Сюрприз в рыжем портфеле — страница 4 из 78

Что ж, и к этому готовы! Только вот позволит ли здоровье?

Несколько дней назад сотрудники УКСУСа бегом поднимались по лестнице на свой этаж, а теперь это им трудно. И пока они степенно шагают наверх, то и дело слышится:

— Что, брат, тяжеловато вверх идти?

— Не без того. Пятнадцать лет по этой лестнице топаю… Вот так…

— Ну, ты еще молодежь: я — двадцать…

— Я всего десять, — вмешивается в разговор Нолик, — но и это кое-что значит…

— Значит, дорогой Нолик. Непременно значит! — кричит, обгоняя счетовода, Костя Ромашкин. — Тебе год за два засчитывают. Памятник тебе полагается. Из пластмассы.

— Вам только шутить, Ромашкин, — обиженно отвечает Нолик.

Ох, Ромашкин, зачем ты так зло смеешься над Ноликом? У него еще и сейчас не прошла на тебя обида.

Нолик — маленький человек, винтик. Он отказался от должности бухгалтера и даже дал самоотвод при выборе в местком. Этот невысокий, худощавый мужчина с большими, тонкими, почти прозрачными ушами навечно присвоил себе звание рядового. Но он тоже не лишен самолюбия и стремления к славе.

Нолик очень любит, например, писать отклики в газеты и на радио.
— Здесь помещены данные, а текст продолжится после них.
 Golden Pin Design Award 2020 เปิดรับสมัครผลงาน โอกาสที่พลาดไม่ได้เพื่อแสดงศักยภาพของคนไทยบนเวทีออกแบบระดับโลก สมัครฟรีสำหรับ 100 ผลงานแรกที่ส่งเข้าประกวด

Но он посылает их только на те статьи, которые оканчиваются вопросом: «А как бы ты поступил, дорогой читатель?» или «Твое мнение, товарищ?»
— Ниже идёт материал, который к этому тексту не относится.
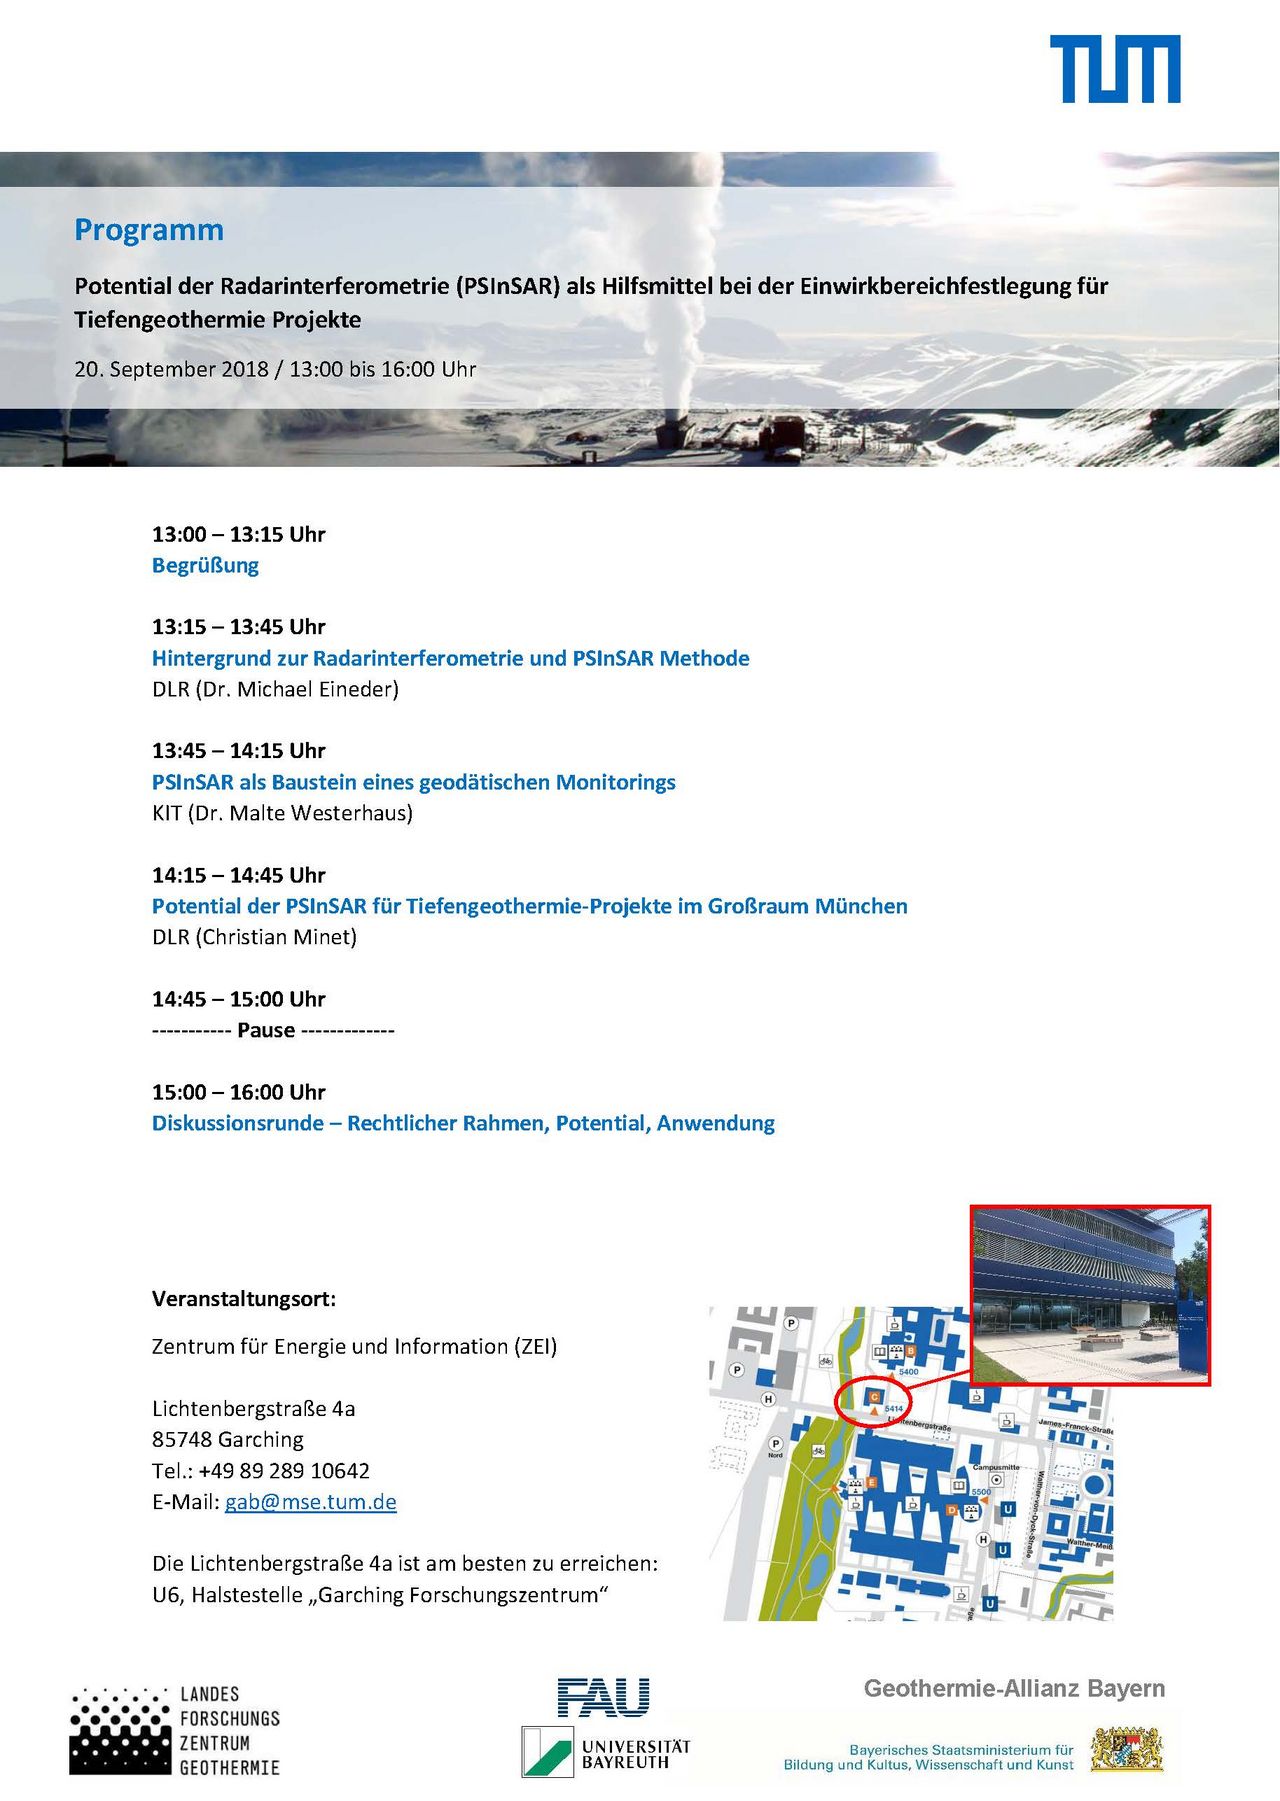 Agenda zum Workshop "Potential der Radarinterferometrie"

И как приятно видеть ему, Нолику, газетный обзор, где упоминается его имя! Он, простой советский человек, прислал совершенно правильный, морально обоснованный отклик. Правда, сделать это совсем не трудно: ответ был ясен из самой статьи и ошибиться просто невозможно.

А ты, Ромашкин, решил поиздеваться над этой благородной страстью и отправил на радио, в «Угадайку», ответы на загадки для дошкольников, подписав письмо фамилией Нолика.

Через неделю Всесоюзное радио объявило:

— Первым правильный ответ прислал Толя Нолик из Лесогорска, с Поперечной улицы…

Нолику жали руку сослуживцы и соседи по квартире, и он не мог не видеть их торжественно-озорную улыбку. После этого Нолик кое-что затаил против Ромашкина. Достоверно он не знал, что письмо на радио отправил Ромашкин, но был уверен, что это именно так.

Однако поднимемся по лестнице, выйдем в коридор и свернем в комнату направо. Там уже открылось заседание юбилейной комиссии.

Штаб празднества был создан вчера вечером по предложению Петра Филипповича Груздева. Себя Груздев в комиссию, как ни странно, не включил. Впрочем, из дальнейшего будет ясно, почему он так сделал.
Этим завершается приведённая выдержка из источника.